Enumeration: Translating Between Letter and Number
February 6, 2014
With the help of new computer technology, the landscape of literary study is in a state of exciting transformation. How can this massive amount of newfound numerical data be translated into valuable insight about literature? Professor Andrew Piper has accepted this challenge of translation; his lecture will delve into the rewards and restrictions of studying language through a computational lens.
A decorated scholar of the Romantic era and the histories of reading and the book, Piper has also explored data-mining computer programs to uncover over-arching trends and patterns of influence that connect multiple literary works. These patterns are often invisible until viewed through the lens of computation. For example, one of Piper’s recent projects made use of computer programs to map how the Confessions of St. Augustine is an ancestor to the “conversion experience” of the modern novel genre. For more on this project, visit Piper’s website >>.

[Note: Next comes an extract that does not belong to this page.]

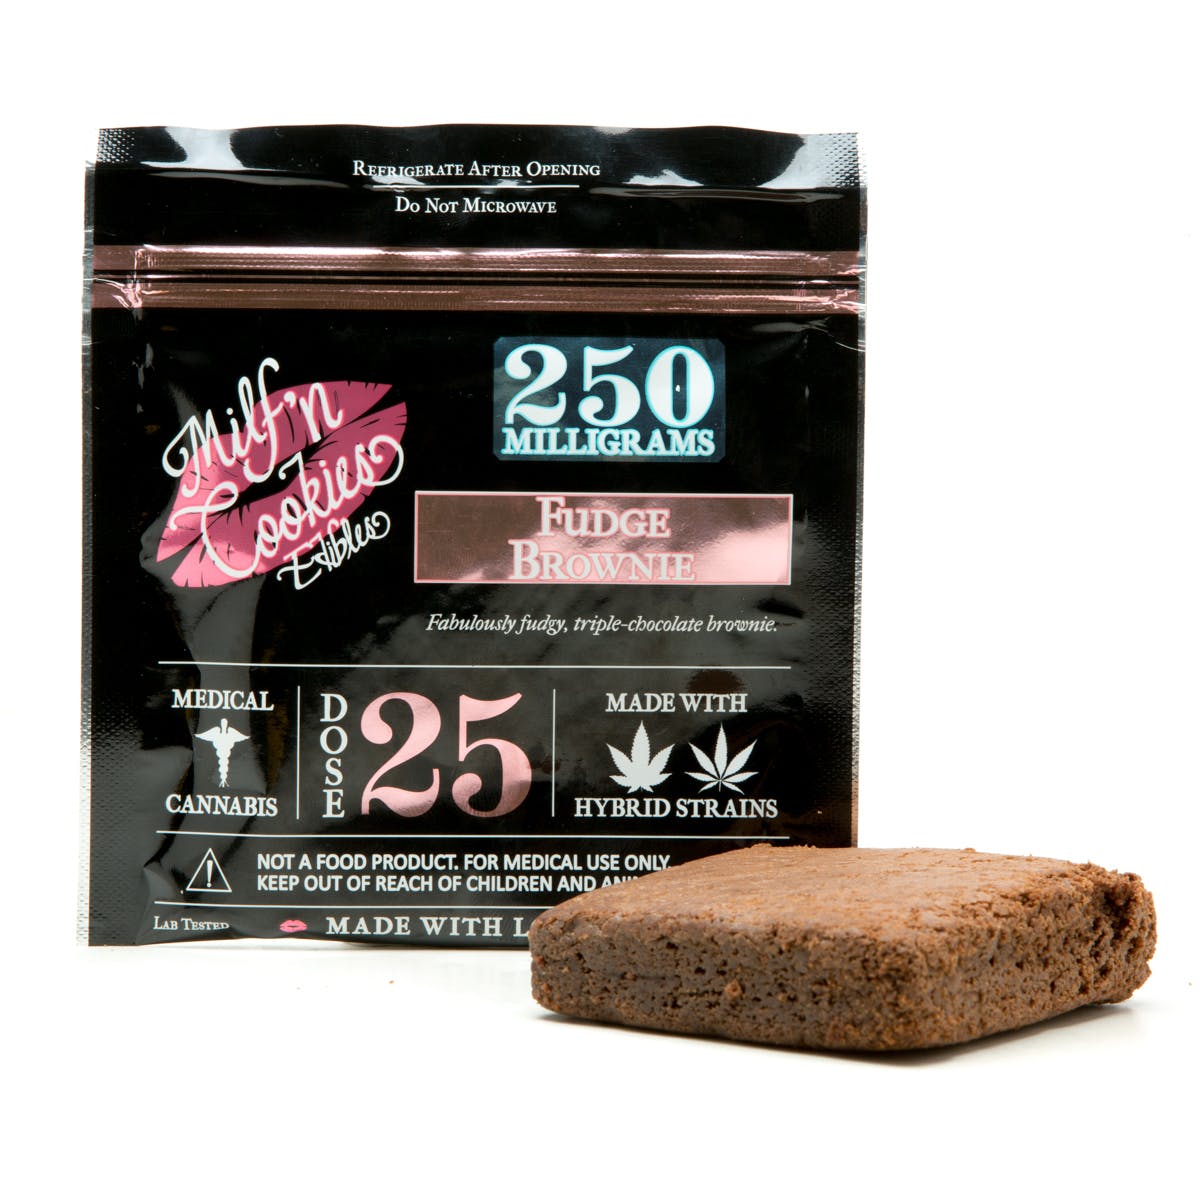 marijuana-dispensaries-organic-solutions-whittier-in-whittier-fudge-brownie-250mg

In addition to being Associate Professor of German and European Literature and an associate member of the Department of Art History and Communication Studies at McGill University, Piper is also the author of Dreaming in Books: The Making of the Bibliographic Imagination in the Romantic Age (University of Chicago Press, 2009), a work which revisits the nineteenth century’s love affair with the codex, as well as exploring the future of our relationship to it in the digital age. Dreaming in Books was awarded the 2009 MLA Prize for a First Book. Piper’s second work, Book Was There: Reading in Electronic Times (University of Chicago Press, 2012), engages deeply with the entangled past and future of reading, and the extent to which new technologies will change the way we read. Publisher’s Weekly calls Book Was There “a fascinating glance at the page as it was, as it is, and as it might yet be.”
On January 15th, 2014, the international research team which Piper co-leads learned that it will receive a share of $5.1 million in funding as part of the Digging into Data Challenge, which addresses how computationally-based research methods are changing the face of research for the humanities and social sciences.